As serious and revealing is the instant reaction of Horst Seehofer, leader of the Christian Social Union (CSU), the Bavarian sister party of Ms. Merkel’s Christian Democratic Union: “We owe it to the victims, those directly affected and the whole population to rethink our whole immigration and security policy.” Now the CSU is doing everything it can to keep its voters in Bavaria from defecting to the AfD, which may even be useful to Ms. Merkel, but this certainly increases the pressure to harden her line. Some hardening is inevitable, and indeed desirable. The not-legendarily-effective German intelligence and security agencies need to work better. Probably, and as a liberal I say this with great reluctance, Germany needs some more surveillance. Like America, France and Britain, Germany could certainly use more skillful anti-radicalization strategies, including online counterspeech of the kind being pioneered by the Institute for Strategic Dialogue in London. That will involve working with Facebook, Google and Twitter, rather than simply pillorying them, in the now customary German fashion, as big, bad, American corporate wolves.
It will also mean, in Germany as elsewhere, getting used to living with a slightly higher level of risk, as Britain did through decades of IRA terrorism, without losing your liberal bearings. So the deeper challenge is whether German society has the strength to live up to the liberal ideal that Ms. Merkel evoked in her initial, restrained and dignified remarks, defending “the life that we want to live in Germany: free, together and open.” Germany’s previous record on the integration of migrants and post-migrants is not one of the best in the West. Things were already hanging very much in the balance as a result of the refugee crisis; even more so now.
So what earthly reason have we to believe that Germany will be immune to the disease whose outward blisters are Donald Trump, Marine Le Pen and Geert Wilders? Well, several reasons actually. Germany is one of the few Western democracies to be doing well economically. I have lost count of the number of times Germans have said to me, “We’re a rich country and we can afford to integrate one million refugees.” There are not many countries in the world where you would hear that. Unlike Britain, Germany also has a relatively responsible popular press. While Bild, its counterpart of the Sun, has blasted away against the euro, the German tabloid has been remarkably restrained in its treatment of the refugee issue.

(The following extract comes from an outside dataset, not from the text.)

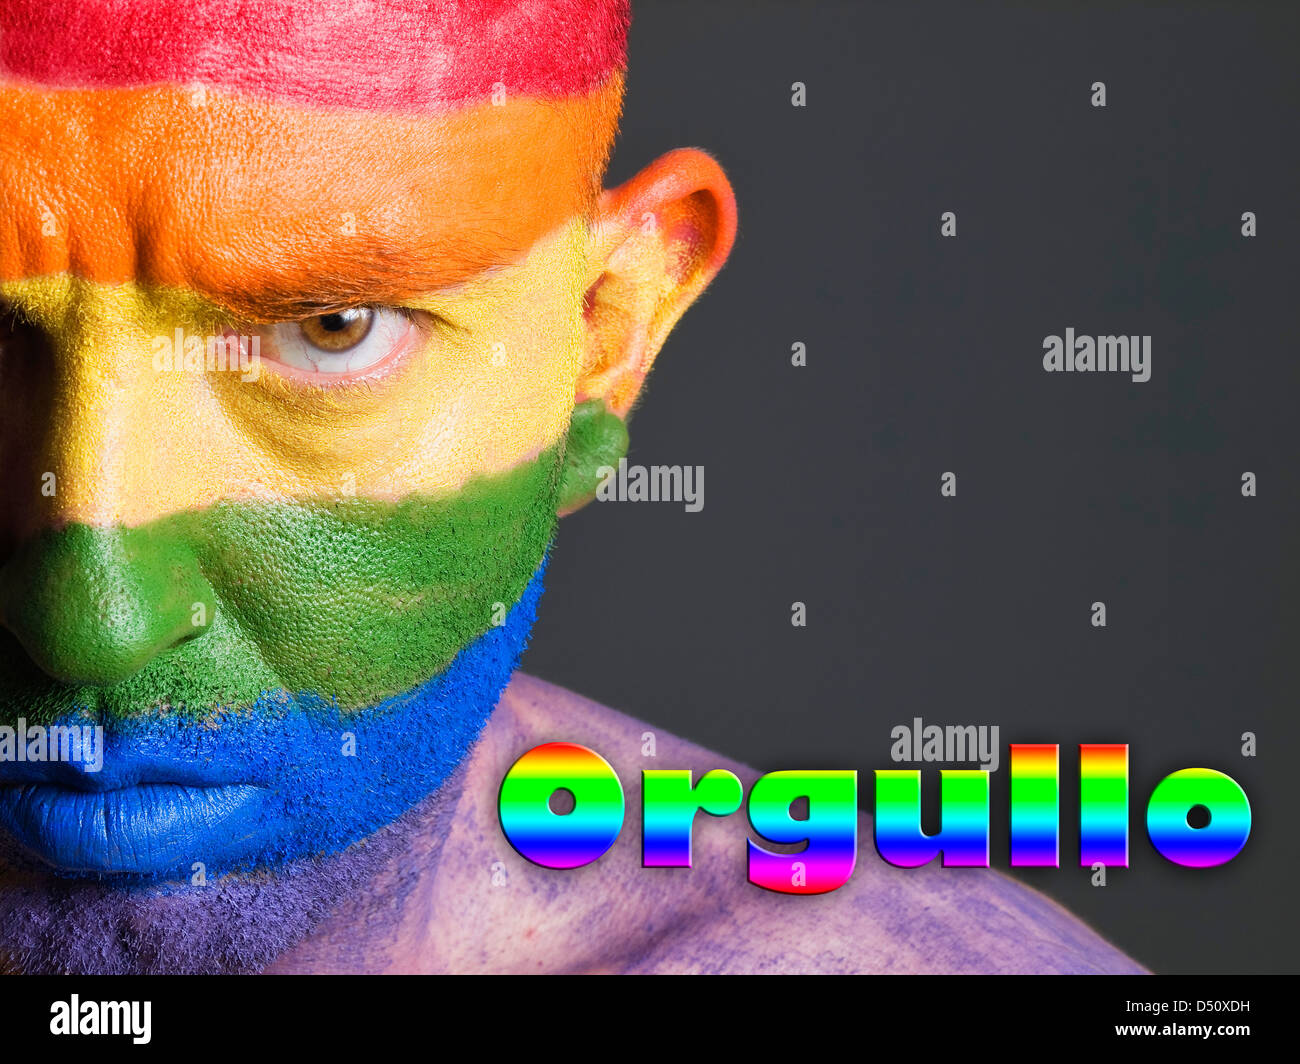 Hombre con la bandera gay pintada en la cara y con unà expresion seria. La Palabra Stampa orgullo esta escrita en lado delle Nazioni Unite. Foto Stock
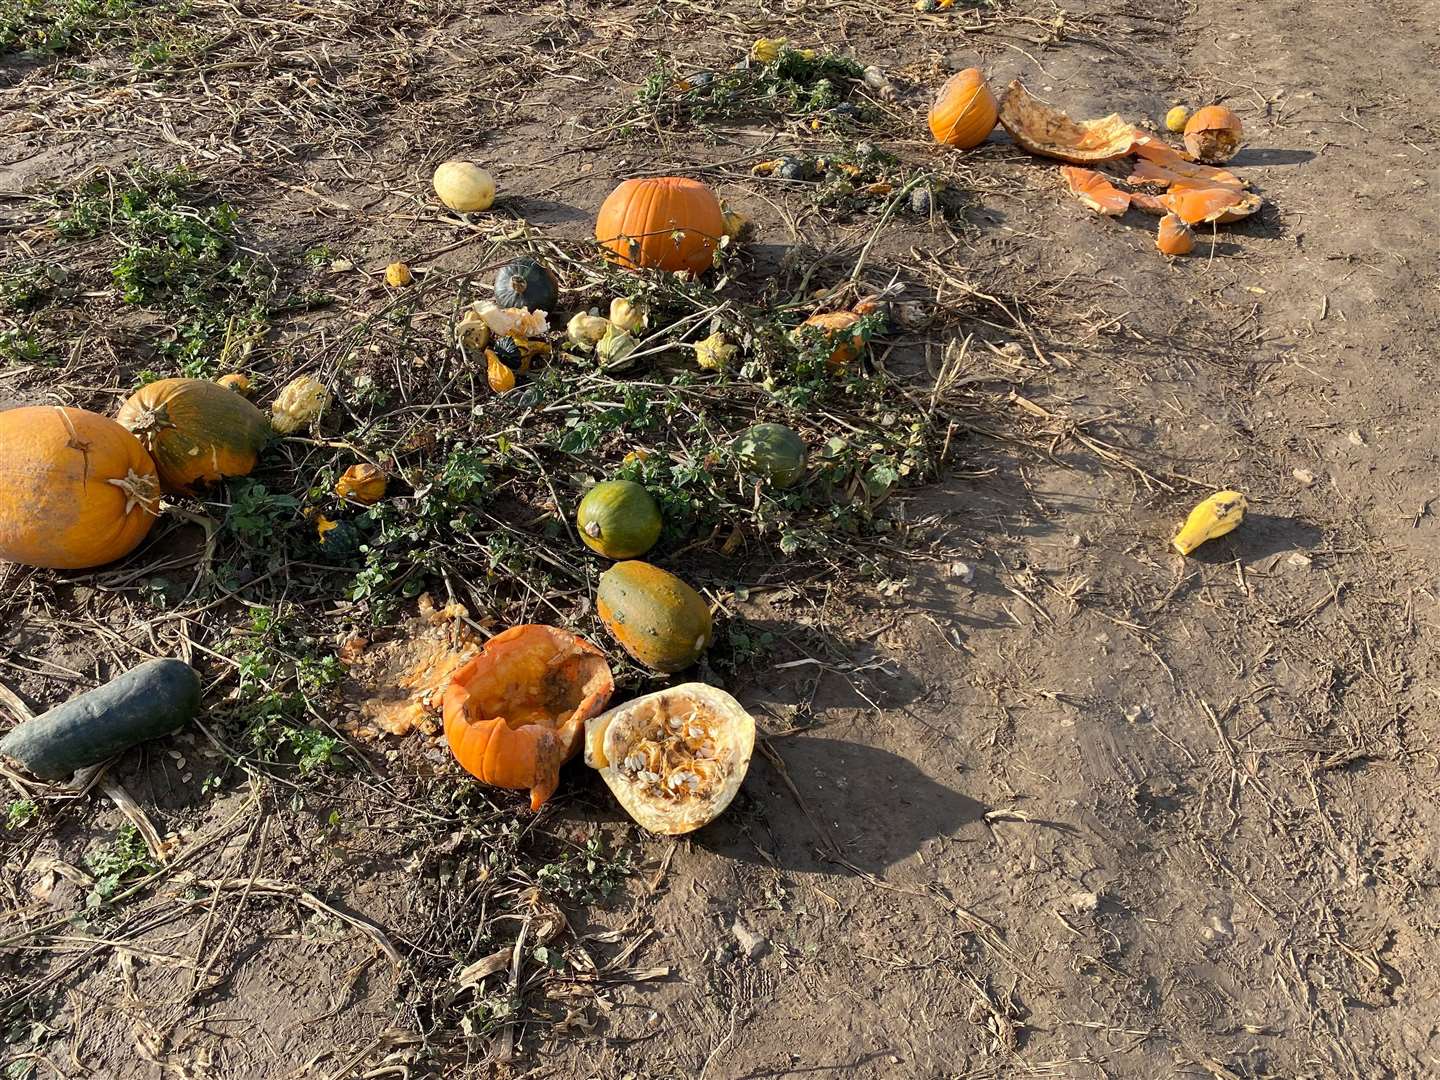 A lack of pumpkins at Pumpkin Moon, Bapchild, for Halloween

And that brings us to probably the most important reason of all: Adolf Hitler. Precisely because Germany once had the diabolic epitome of populist xenophobia, it is now most resistant to it. Pray to God that taboo holds, for if it doesn’t, heaven help us all. So far, the treacherous hyperbole has been kept at bay. In stark contrast to George W. Bush and Tony Blair, the liberal Süddeutsche Zeitung had a powerful first response headed “Germany is not at war.” Be resolute, but keep it in proportion. The Bild headline, however, was one word that all readers will instantly understand: “Angst!”
I think Ms. Merkel instinctively homed in on the deepest mental danger for her compatriots when she said, “We don’t want to live paralyzed by the fear of evil.” A Berlin daily responded to the atrocity with a front-page picture of a Christmas tree in front of the Brandenburg Gate, and three words from the Gospel according to St. Luke: “be not afraid!” The Polish lorry-driver who seems to have been the first victim of this murderer will surely have known that this was the message tirelessly repeated by Pope John Paul II, who added another simple injunction: “defeat evil by good.”
It’s a tall order, but if Germany can even get close to this ideal, it will be leading Europe by its example.